Ela contava esta história com muita freqüência, e às vezes era o pai
no lugar do padrasto, ou o vizinho, outras vezes o namorado - mudava os
protagonistas masculinos ao sabor do que lhe dava na veneta. Só a figura
da mãe, envolta numa névoa amarga, estava presente em todas as
narrativas. Era a mãe, de fato, o objeto do seu ódio.
- Ainda vou ter essa mulher implorando o meu perdão, de joelhos –
falava. – Aí eu chuto bem a cara dela, vocês vão ver.1
Apesar da sua bagagem de dor e abandono, no entanto, ela se
divertia. Gostava da liberdade, das amigas, da festa interminável que
era a noite. A putaria tinha o seu lado bom, não era o monstro que todos
pintavam. Um trabalho que precisava ser feito, como dizia a patroa,
Linda, a dona do negócio.
- Eu curto – ela dizia. – Quanto mais homem numa noite, melhor. O
desejo, porra! Não sou dessas aí que pegam três e já reclamam de
cansaço. Elas só querem o dinheiro na moleza. Eu gosto mesmo é do
labirinto dos beijos, dos paus todos, das mãos que me jogam e me
batem e me apertam. Esse é o trabalho. O dinheiro, no fim, apenas
enfeita o que eu mais gosto de fazer.
- Se gosta mesmo, Maria, tem cliente novo na casa – falou a patroa.
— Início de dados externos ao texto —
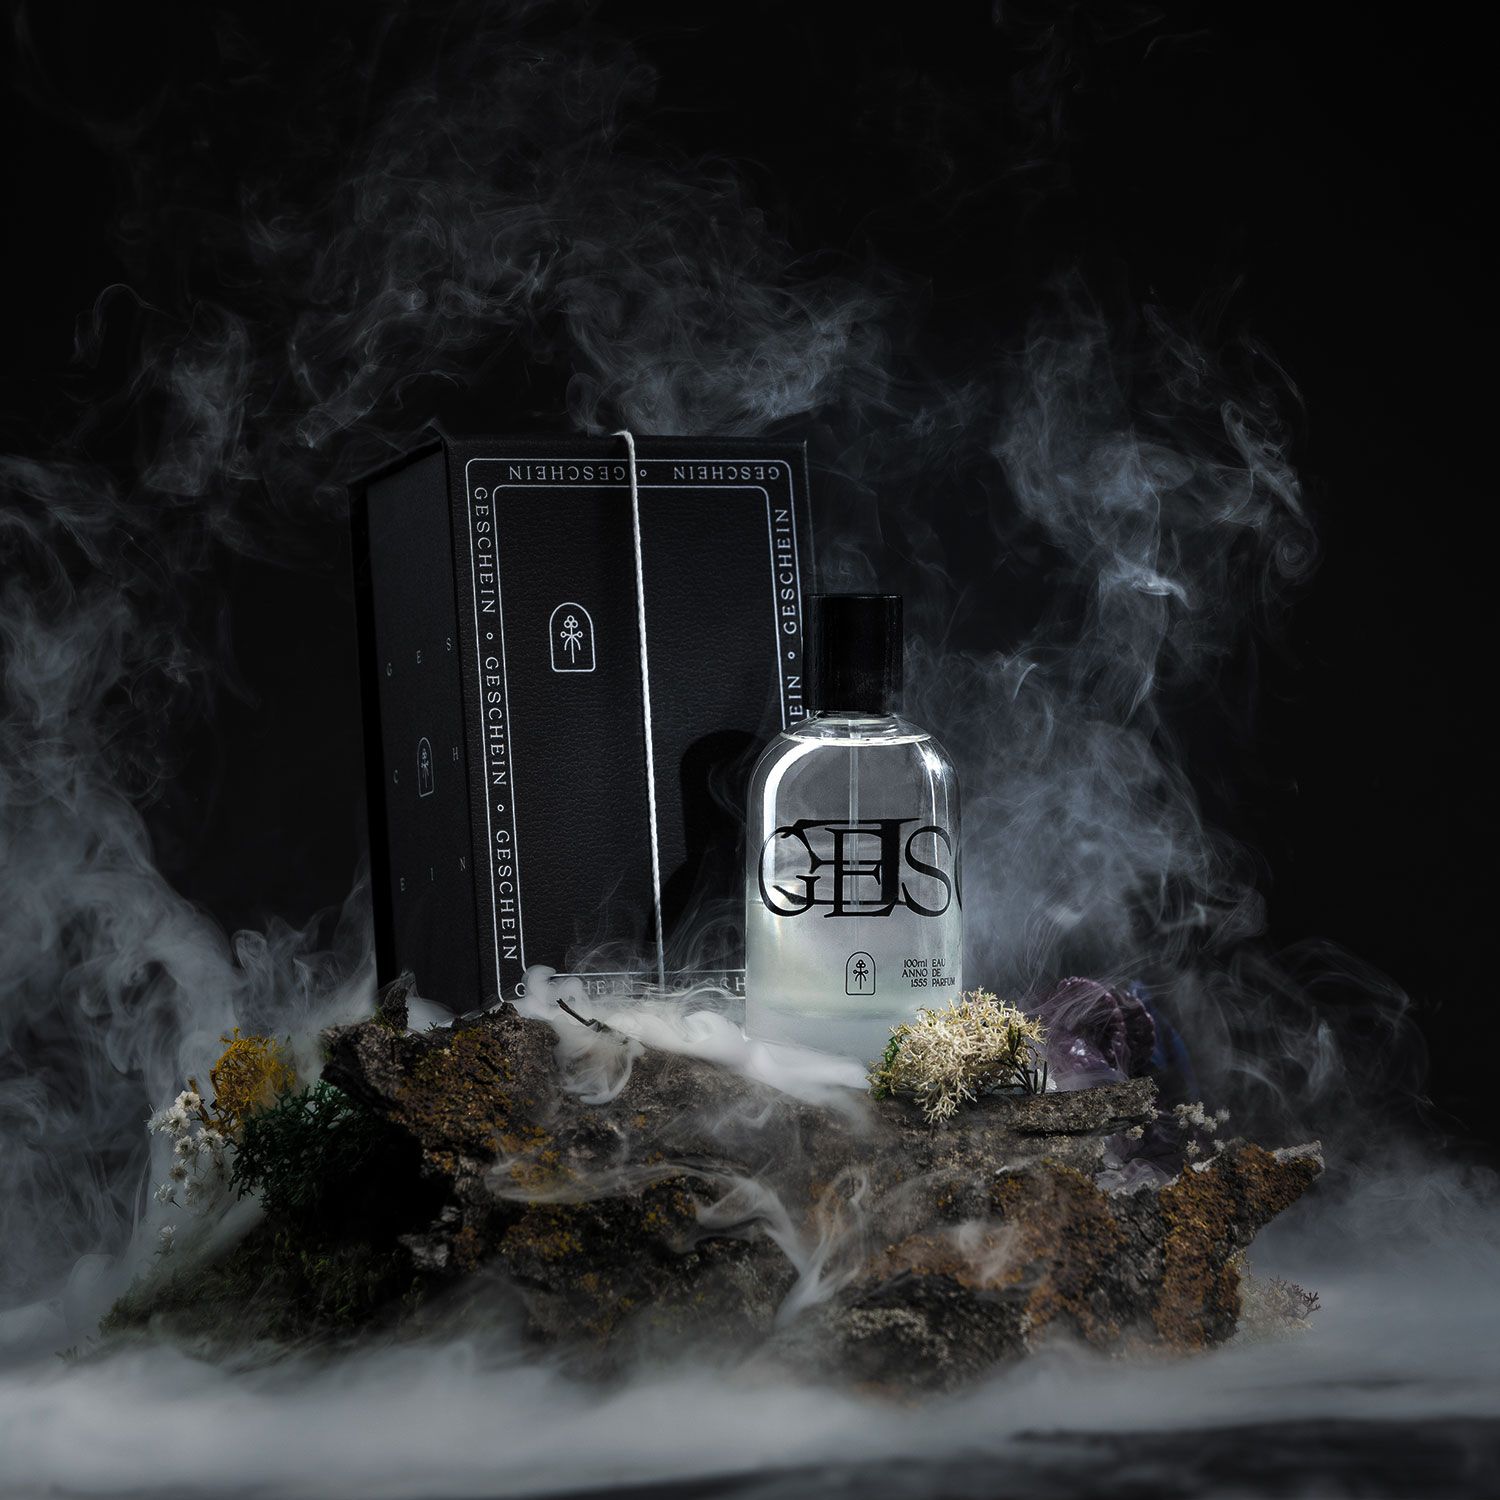 GESCHEIN eau de parfum Branding Design
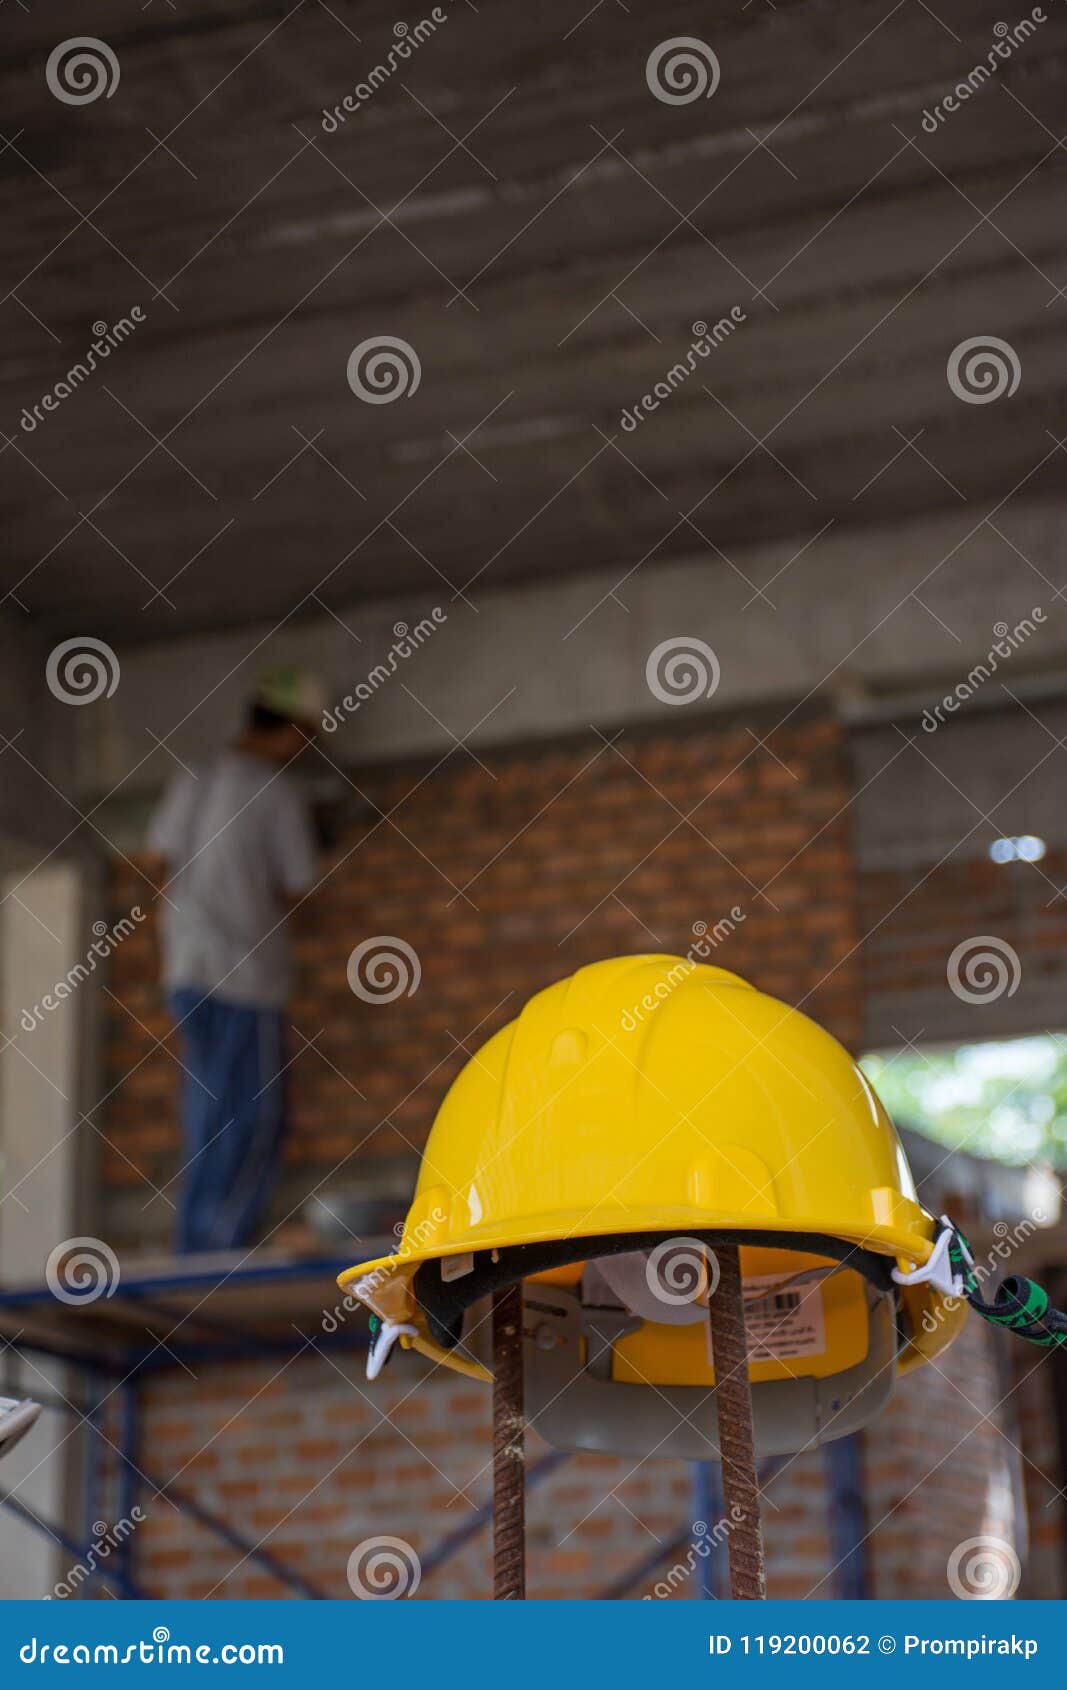 Capacete de segurança amarelo com o trabalhador da construção que coloca tijolos sobre. Capacete de segurança amarelo com o trabalhador da construção que coloca tijolos no cimento para construir paredes exteriores

– É aquele esquisitão ali.

Maria foi caminhando devagar em direção à salinha mal iluminada,


repleta de clientes e fumaça. O esquisitão? Qual deles? Todos ali eram
esquisitos, uns mais, outros menos. A conversa fiada de sempre, eles
posando de descolados, uma descontração que só existia ali. Lá fora
certamente eram homens sérios, responsáveis, respeitáveis pais de
família. Mas no puteiro não, eram todos ricos e devassos e bêbados,
tarados, maníacos em potencial. Esquisitões.
- Maria? – Gabriel perguntou.
Ela se sentou sem olhar pra ele, cruzou as pernas com naturalidade
estudada. Daí foi levantando os olhos devagar, o olhar percorrendo cada
centímetro do terno de linho um tanto fora de moda.
- Você tá ridículo com essa roupinha aí – ela disse enfim, e exibiu o
sorriso. – Muito prazer.
Gabriel sorriu de volta, sentou também.
- Eu precisava compor um personagem – ele falou. – Essa coisa de
malandragem me pareceu apropriada.
- Pros anos 30, 40, talvez. Estamos no século XXI, meu amigo. A
malandragem hoje não veste mais ternos de linho branco, nem usa
panamá. Onde é que você esteve vivendo nos últimos anos?
- Você não acreditaria se eu contasse.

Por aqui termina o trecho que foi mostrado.